» WHAT YOU WILL DO: The required output is the exact run of lines from the one that contains "A young Black" to the end of the data, with every picture left out.

» INFORMATION SUPPLIED:
○ ○ ○ ○ ○

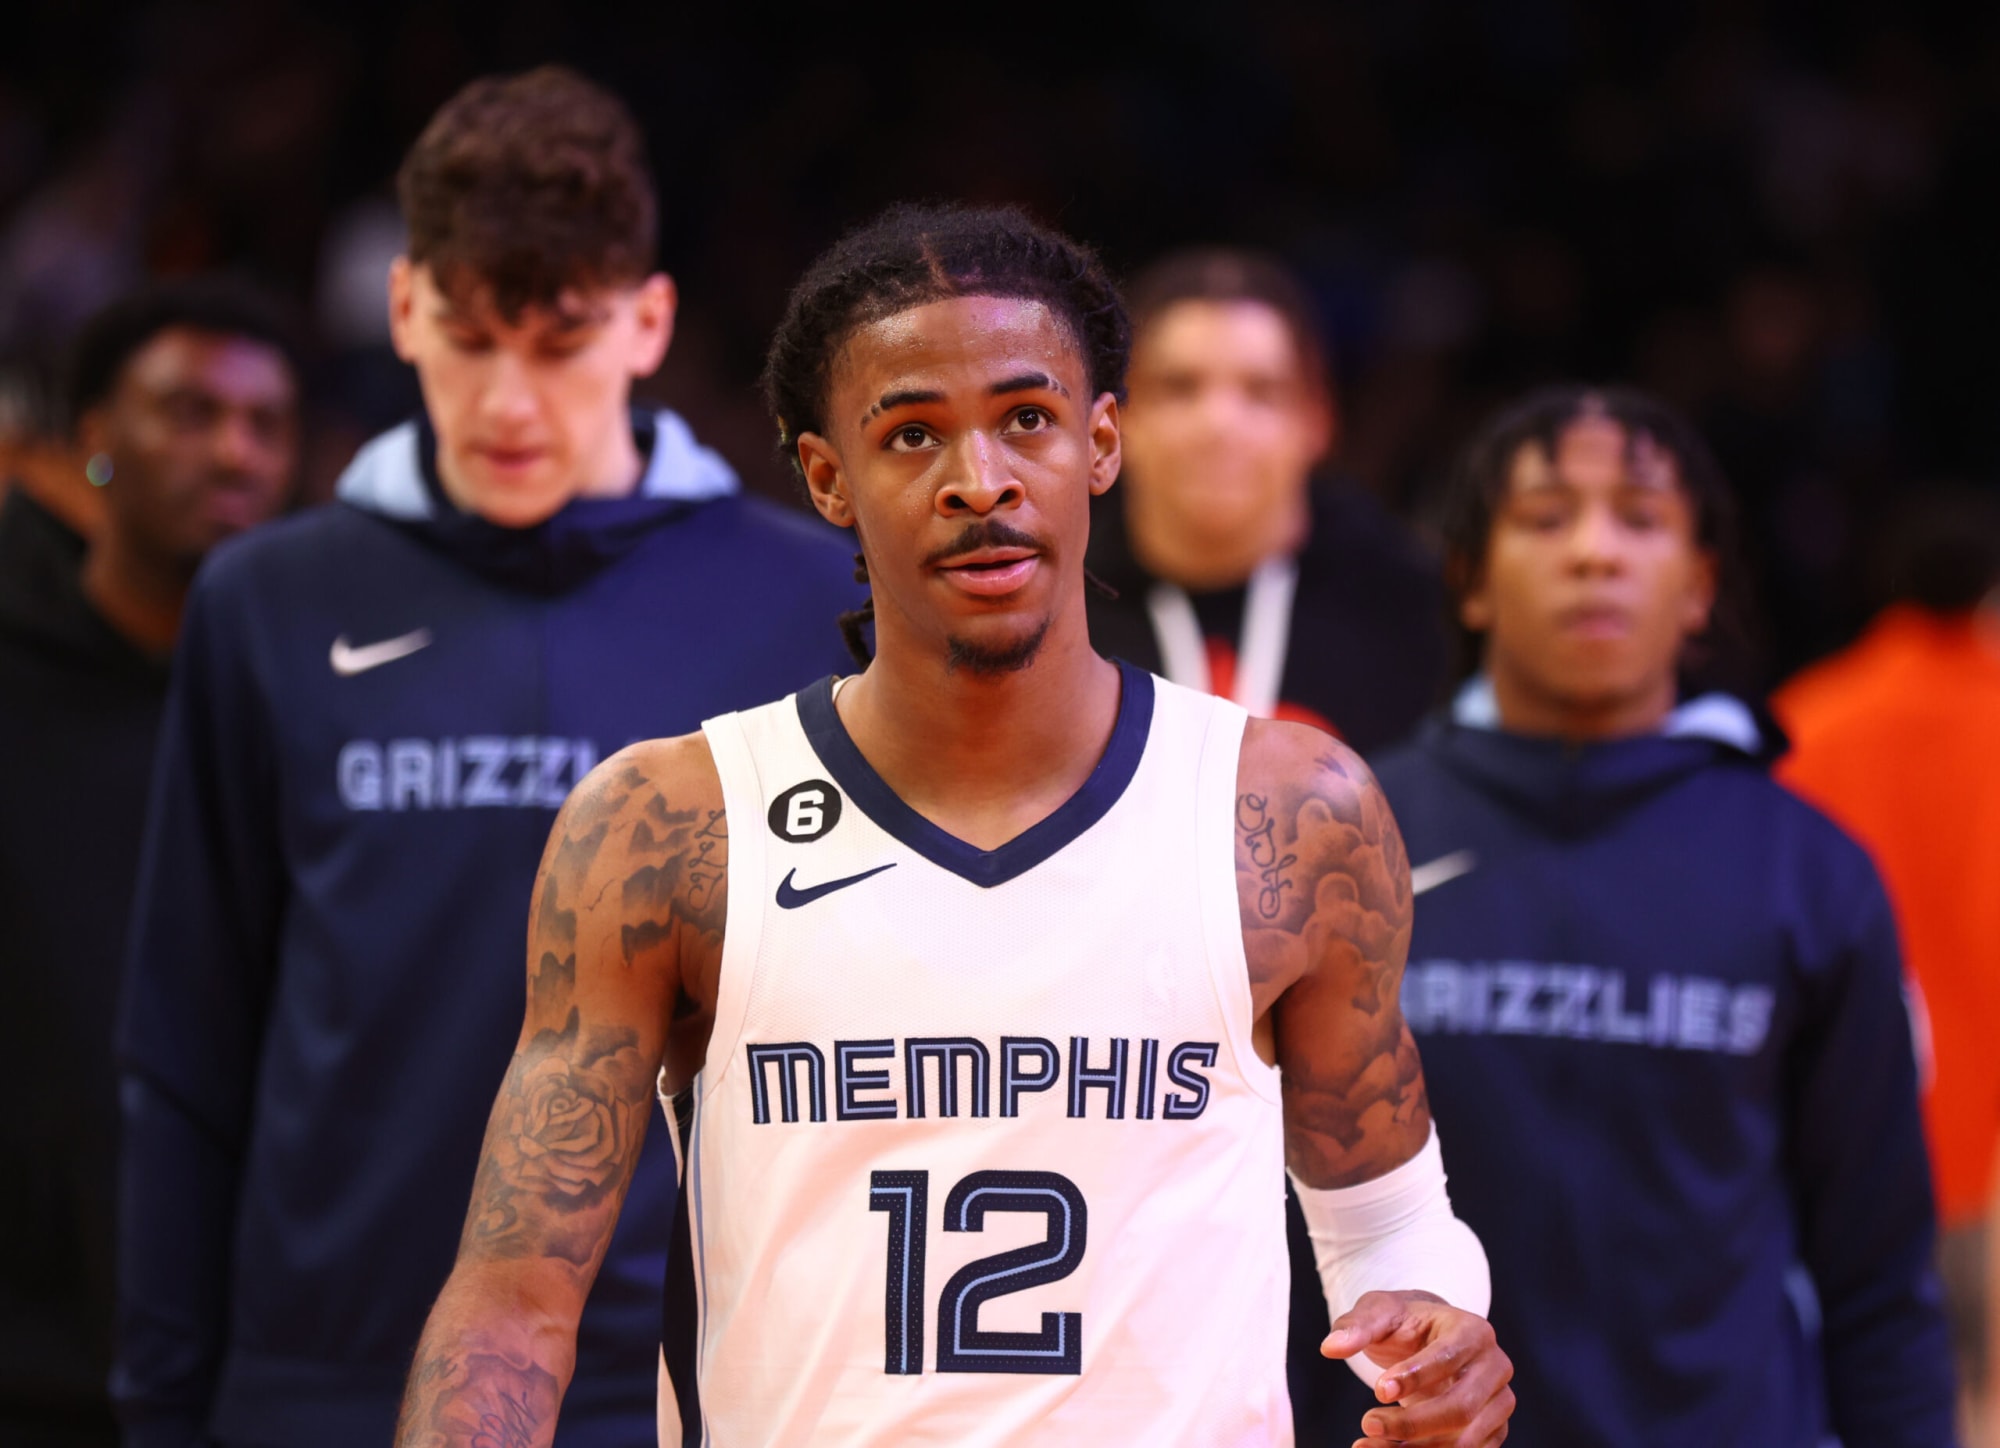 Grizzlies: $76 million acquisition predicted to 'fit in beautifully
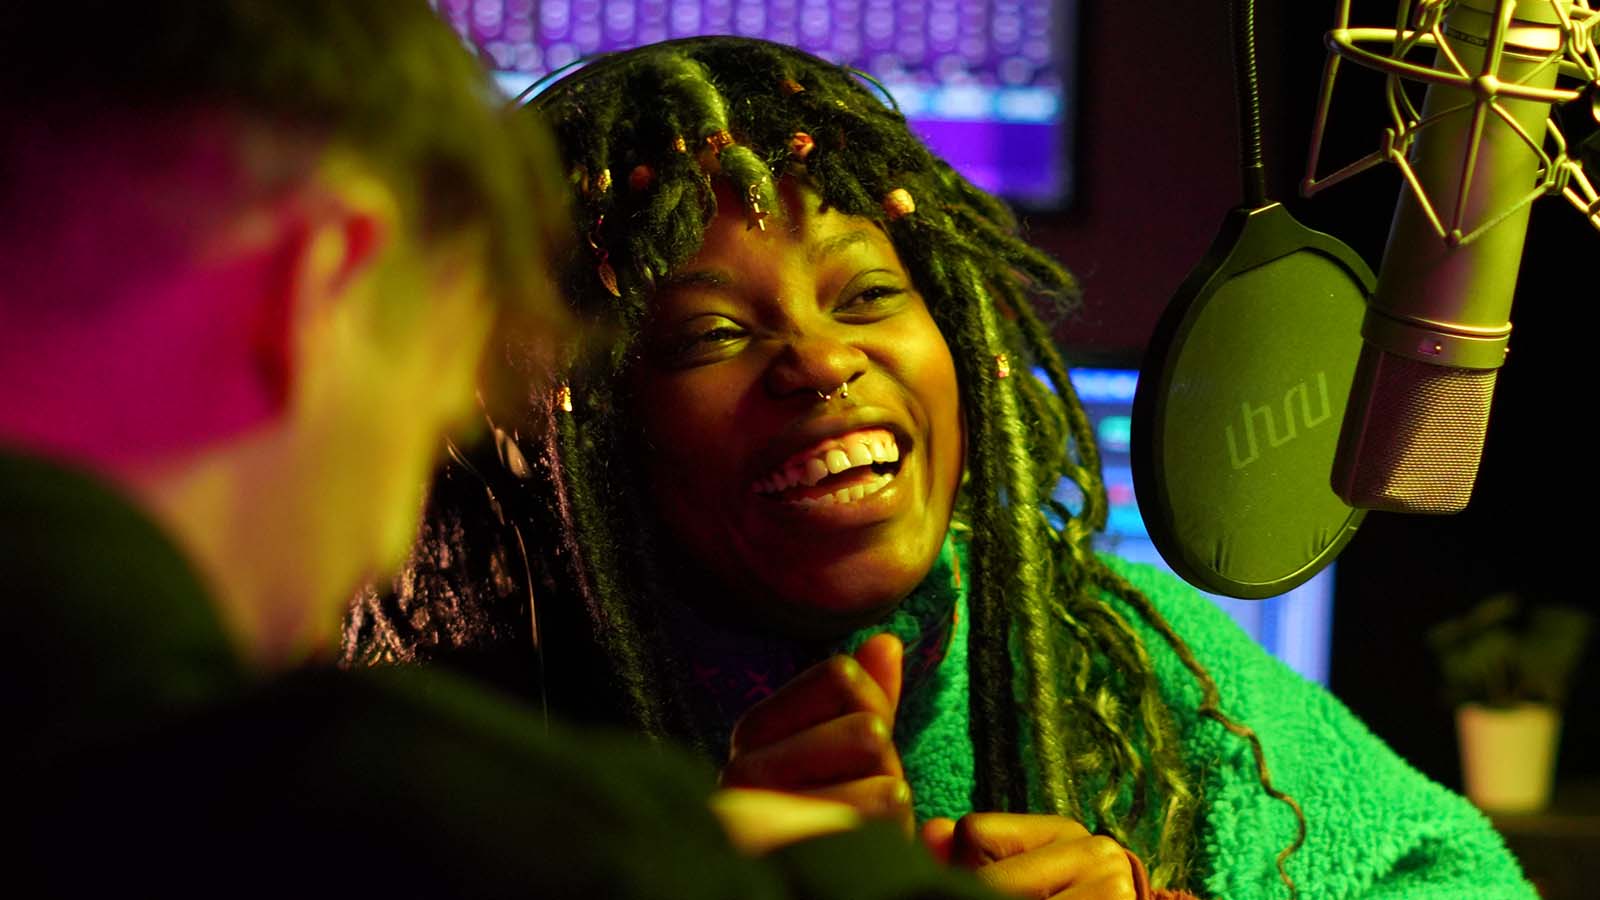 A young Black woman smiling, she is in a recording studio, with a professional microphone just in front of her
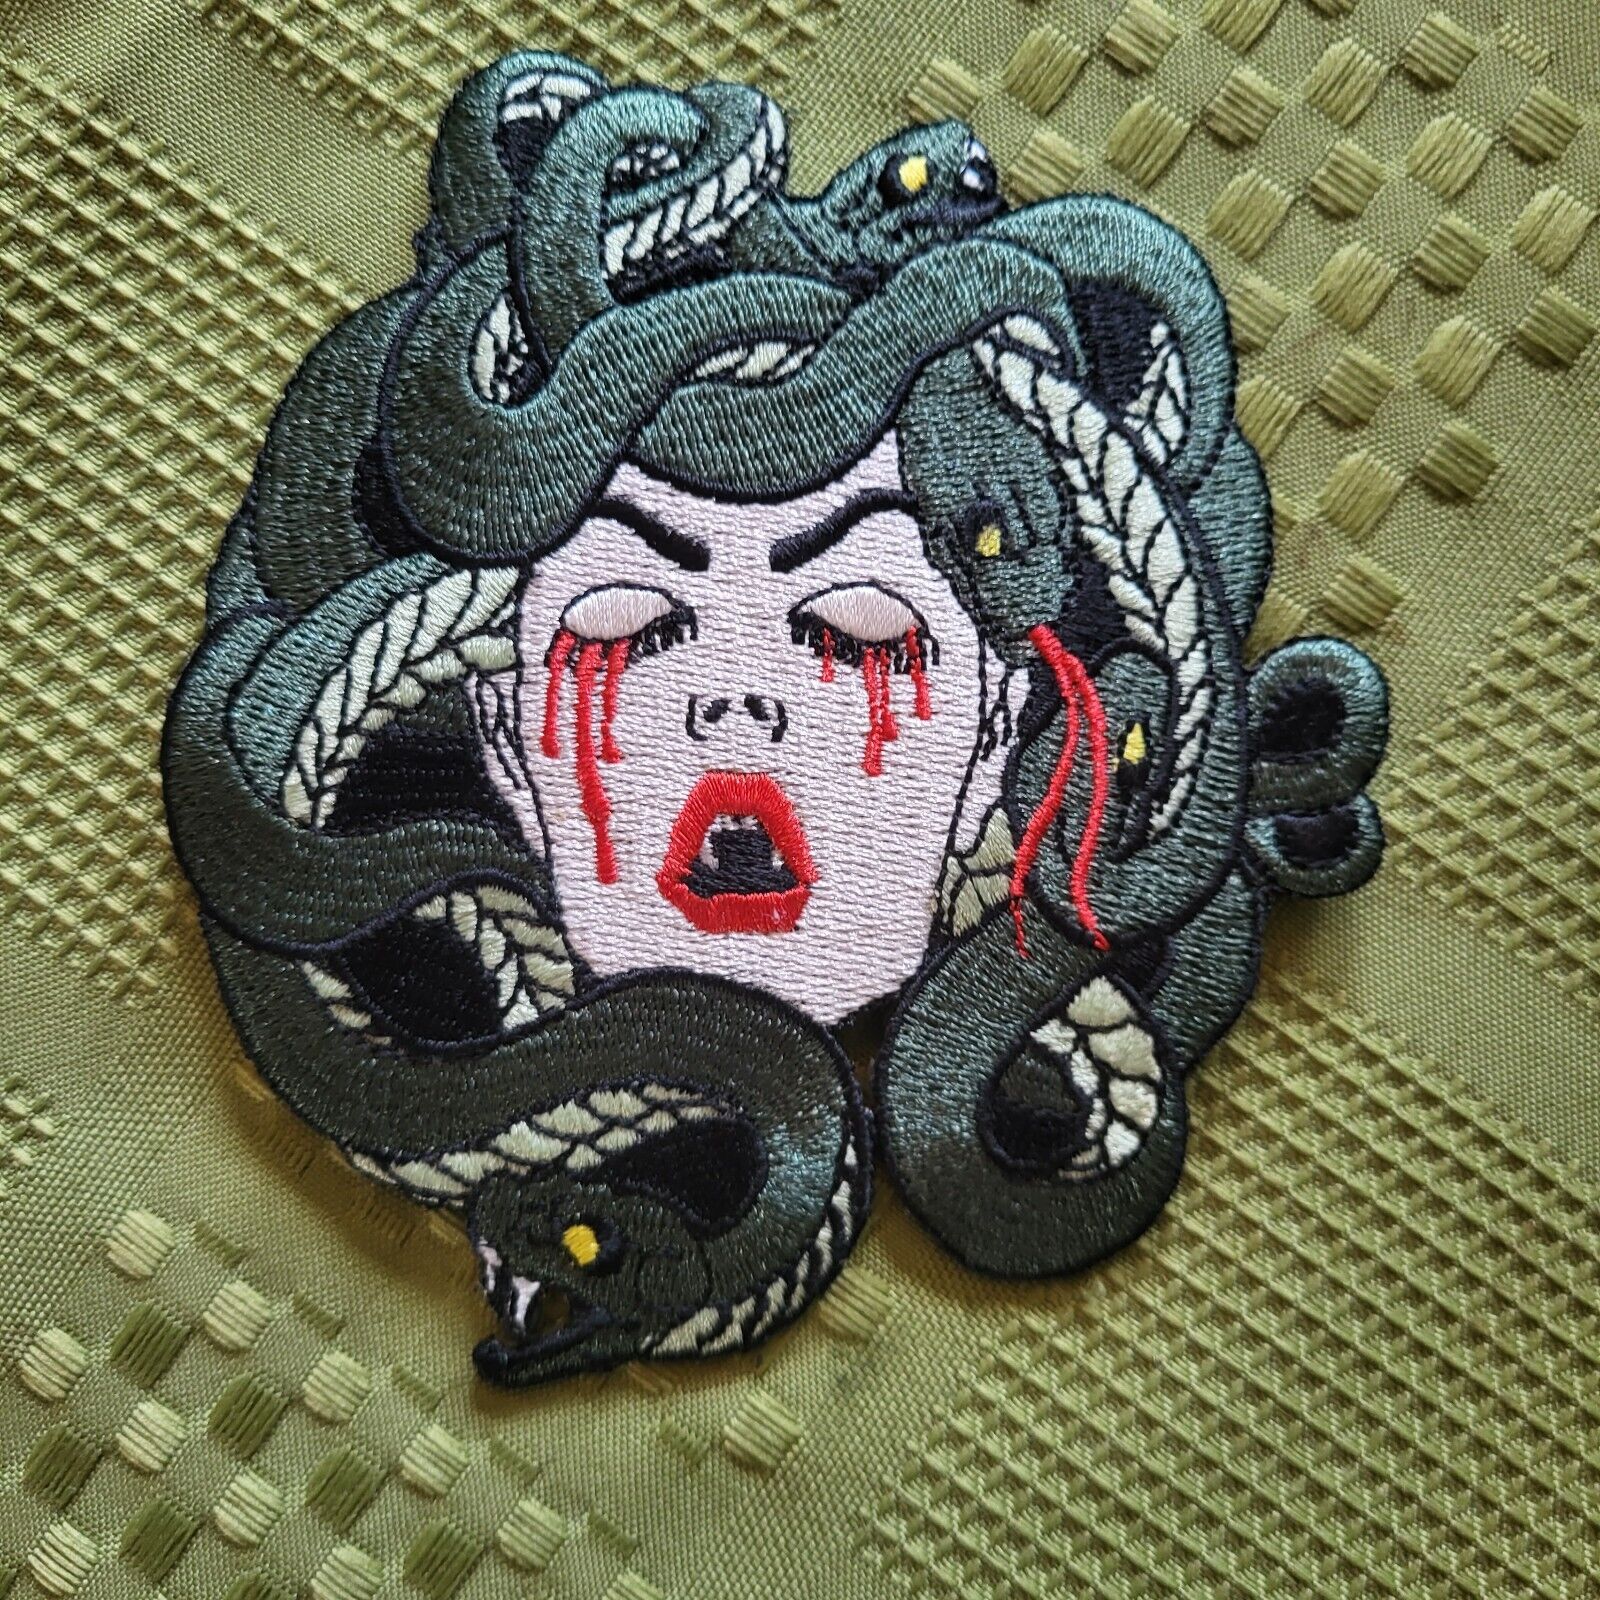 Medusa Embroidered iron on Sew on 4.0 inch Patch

○ ○ ○ ○ ○

» EXPECTED OUTPUT:
 A young Black woman smiling, she is in a recording studio, with a professional microphone just in front of her
 Medusa Embroidered iron on Sew on 4.0 inch Patch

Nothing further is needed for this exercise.